**DATA PROVIDED**
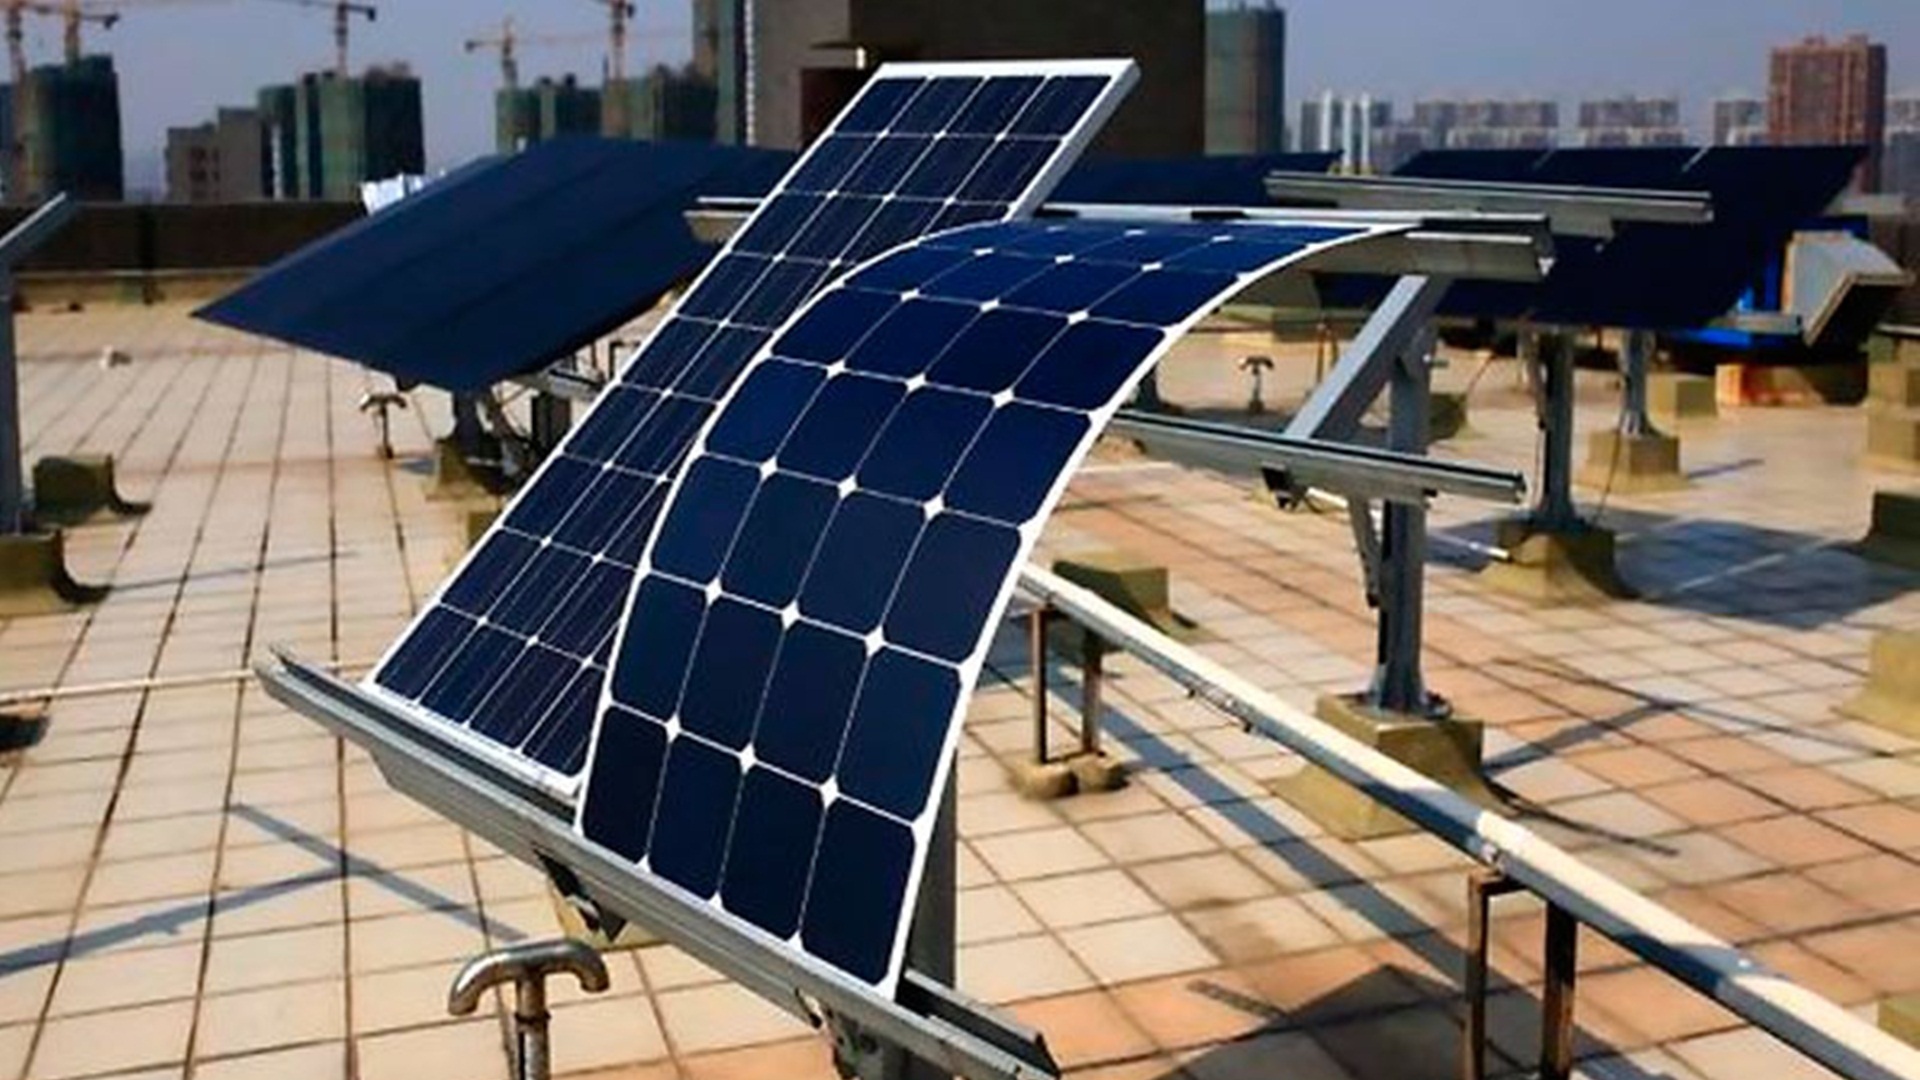 Las placas solares flexibles para coches ya son una realidad en Japón
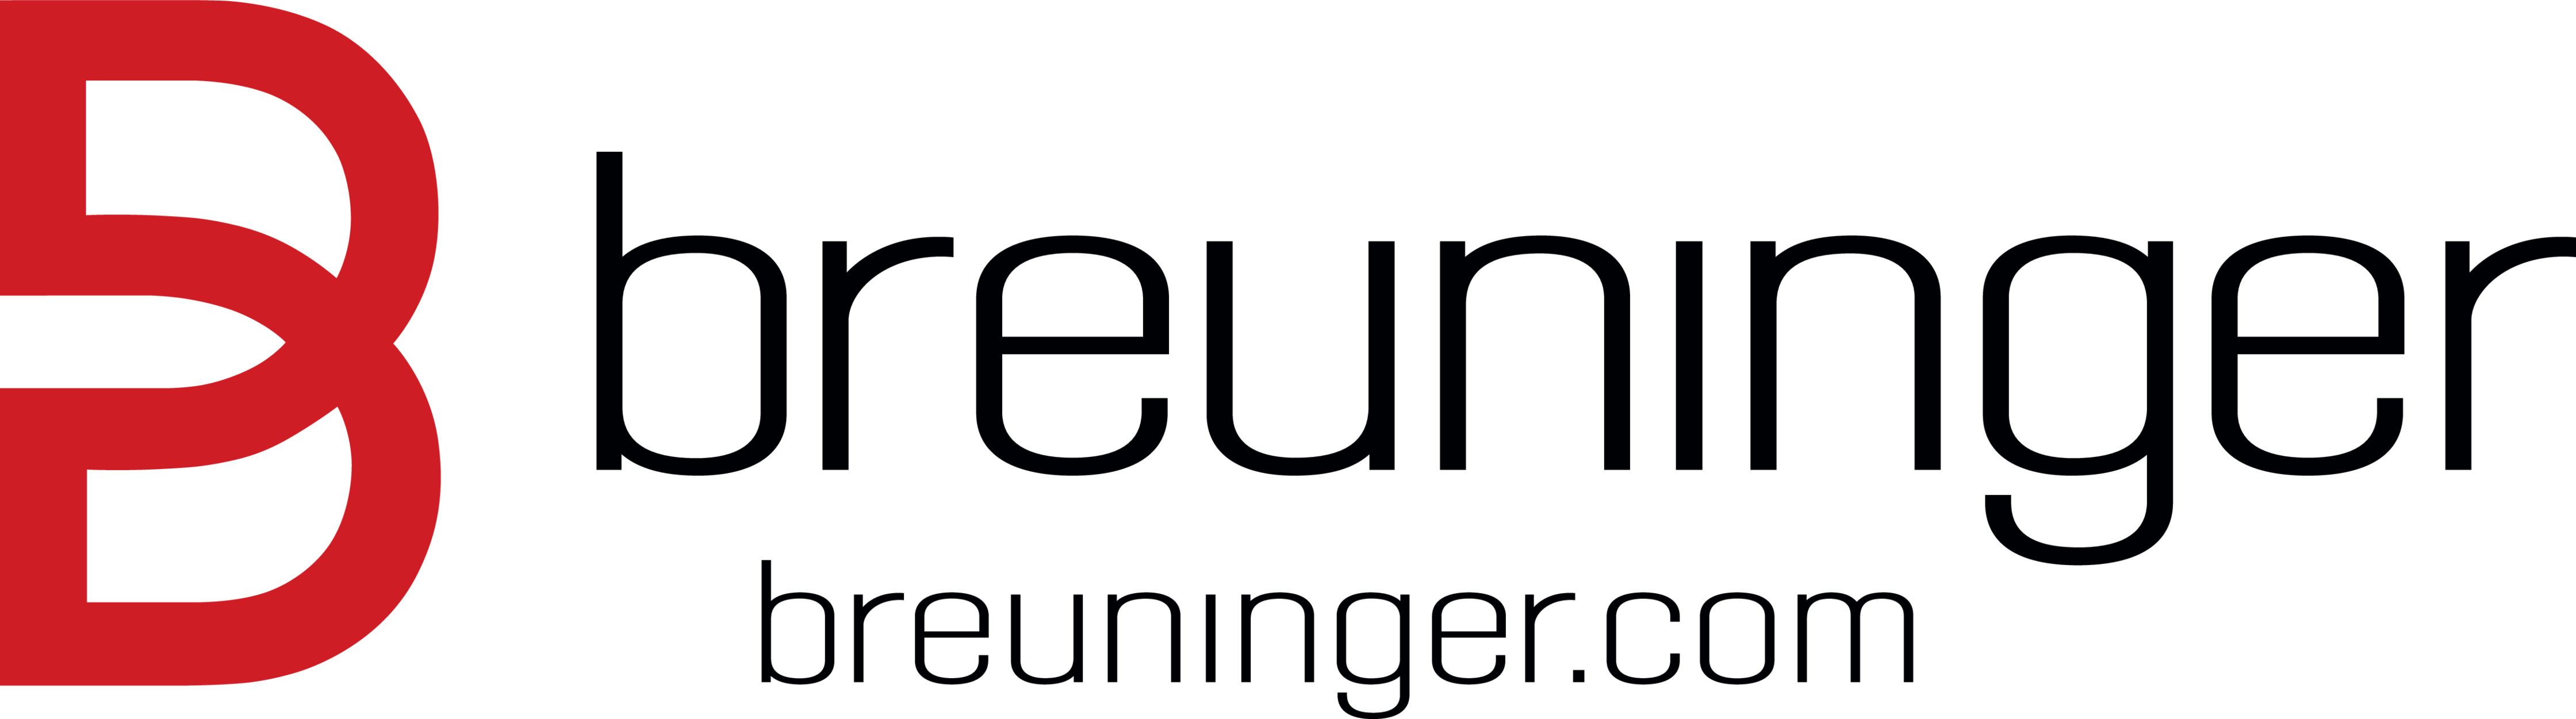 Logo Breuninger URL RGB Schwarz Sub
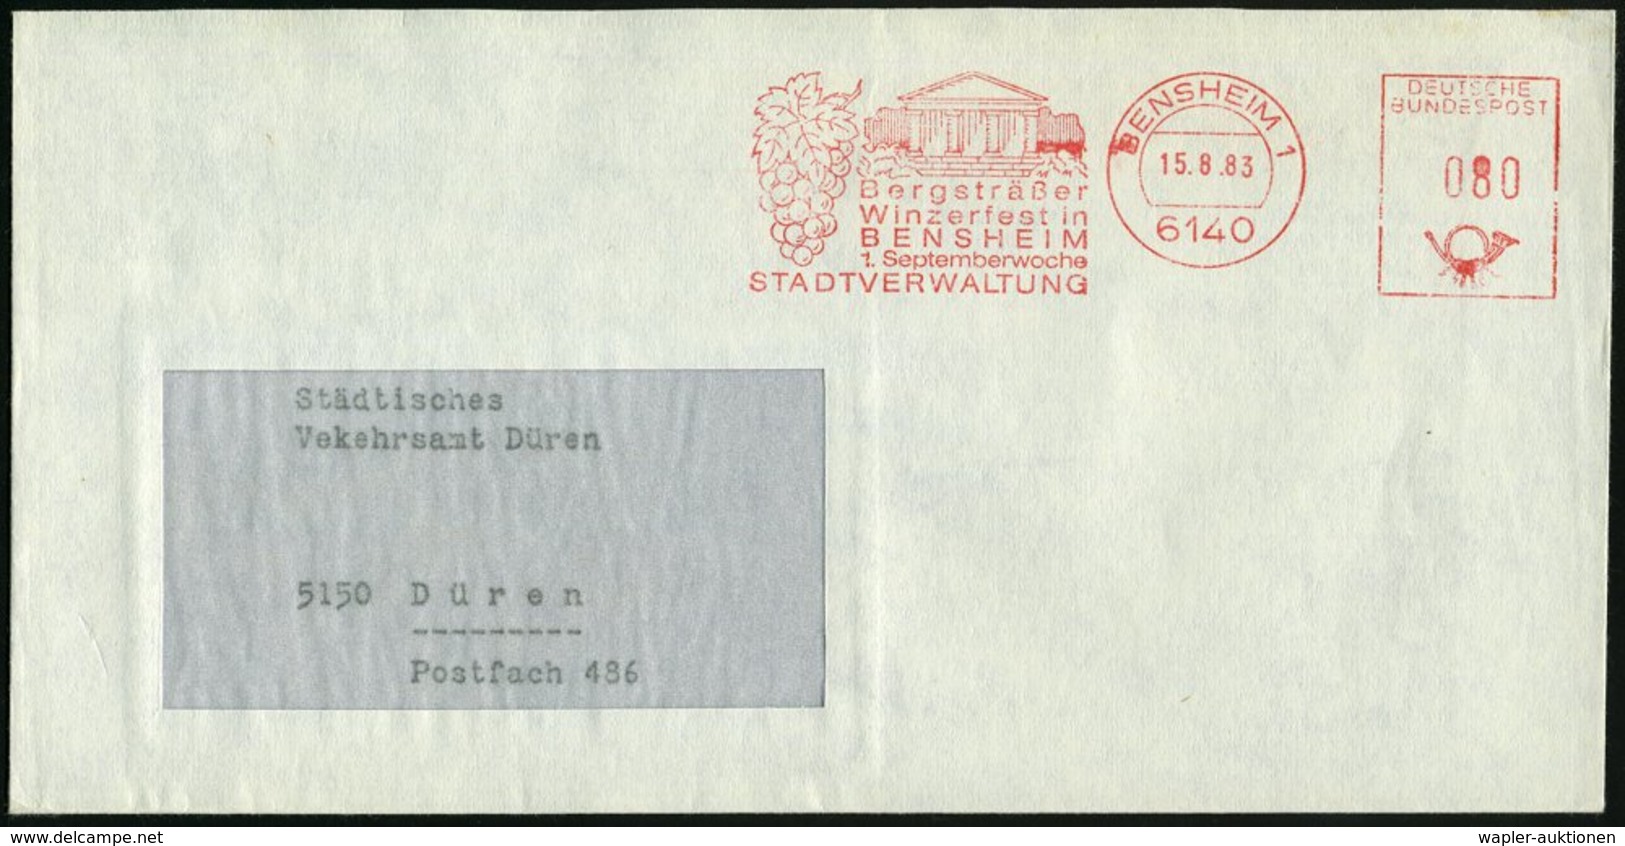 1983/91 6140 BENSHEIM 1, 2 Verschiedene Kommunale Absender-Freistempel: ..Winzerfest In BENSHEIM 1. SEPTEMBERWOCHE (Wein - Other & Unclassified

**DIRECTIONS**
Transcribe every line of the data exactly. No pictures go in the copy.

**EXERCISE ANSWER**
 Las placas solares flexibles para coches ya son una realidad en Japón
 Logo Breuninger URL RGB Schwarz Sub
 1983/91 6140 BENSHEIM 1, 2 Verschiedene Kommunale Absender-Freistempel: ..Winzerfest In BENSHEIM 1. SEPTEMBERWOCHE (Wein - Other & Unclassified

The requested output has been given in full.